Basically I followed Jon's plans, with some adaptions for the standard sizes
over here (the whole thing is a little bit bigger now), and with a (second-hand)
Cambo Bellows (EUR 60) and a (new) Cambo groundclass (EUR 30). I really can't
say how much went into wood, glue, screws, oil, etcetera. Certainly not more
than EUR 75, I think a little bit less. The whole thing looks a little bit
sloppy (I'm not very patient) but works fine. I'll be concentrating now on
remaking parts smaller, in order to make the whole setup a little bit more
Click on the thumbnails to get pictures:
The last picture shows a tripod I built. I only have a couple of shaky 35mm
tripods (one even from Hama, shame on me!), so I needed something better. Jon
kindly provided me with a JPEG of a drawing from an old Norwegian magazine
and I went out, bought wood, and smashed the thing together in some 8 hours
of work (most of the time went into finishing the platform). It's sturdy, but
not very portable...
Someone gave me this.
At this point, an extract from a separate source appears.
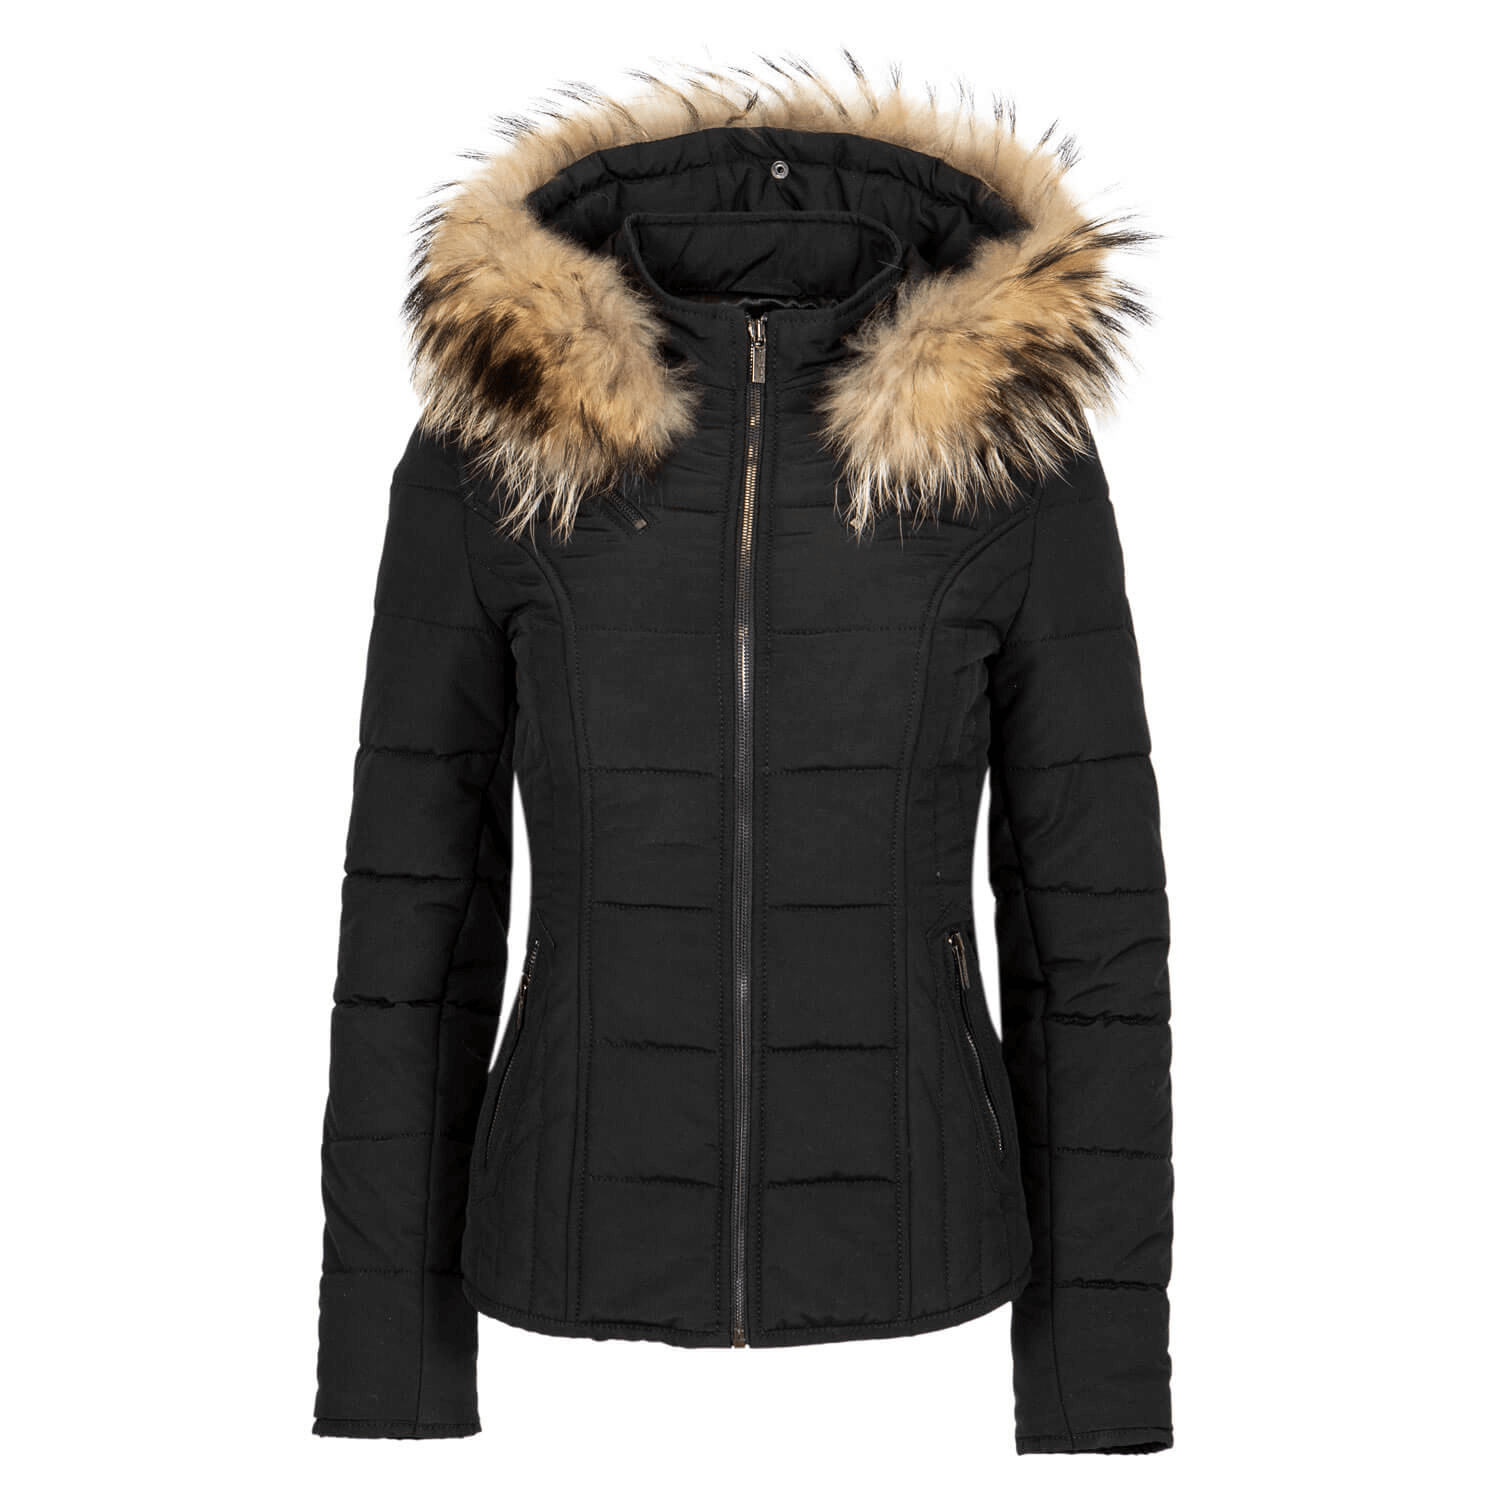 Womens winter puffer jacket black 009

It
is a lens, it has a shutter, so I'll be able to use it. That's, in my
opinion, the whole fun of large format - I've shot pictures with a +5
diopter spectacle glass using paper as a negative (and one of a set of
three drilled diafragms), with pinholes, etcetera.
I've asked the Usenet what kind of lens the Kodak is, and the answer
came quickly: it's from a 620
folding camera, upper-middle class and thus quite sharp; will cover 6x9
and you can make enlargements to 11x14 from there. The shutter is simple
but solid - I'll build a shuttertester sometime.
In the meantime, I bought a "serious" lens: a 210mm Kodak Ektar. It's a
bit long, but therefore covers 5x7 so plenty of room for movements. First
shots look great, if only I had the time to go out more...
Early 1999, I saw an ad on the Dutch photograhy newsgroup where two large
format enlargers were offered by a small press agency. The prices were
incredibly low (for the Netherlands - normally you only see Laborators
starting at 800 Euro or so), so I made an appointment and drove over.
Forget about the other enlarger (it was a simple, sturdy, Eurocolor and I
think he's still offering it for 120 Euro), I fell in love with this one. I
bought it for some 225 Euro, and boy was I glad that I brought my Volvo Estate
with me: this thing is big. Big in the sense that it managed to
occupy most of my car (it came with a cupboard full of accessories).
It's an English enlarger, by MPP (Micro Precision Products, they don't exist
anymore). It's typically English engineering, I think: where they had problems
to solve, they started out by making the thing bigger and using thicker steel
so they had more room for manouvering ;-).
To give you an idea of the dimensions: the colum rises around 120cm, the
head's base plate is 30cm diameter; while the head itself is some 60cm high.
A negative holder measures some 20x30cm, and a lensboard is 20x20 (that's why
he included a small cupboard for these). See the pictures for details.
It came with all the bells and whistles: negative holders for 35mm up to 5x7,
lensboards for 50mm, 105mm and 180mm lenses (it is autofocusing and has three
autofocus rails for these focal lengths), and the guy even threw in an old
150mm Comparon for good measure. The current head is a Philips color head, but
I think I'll make a diffusor head myself.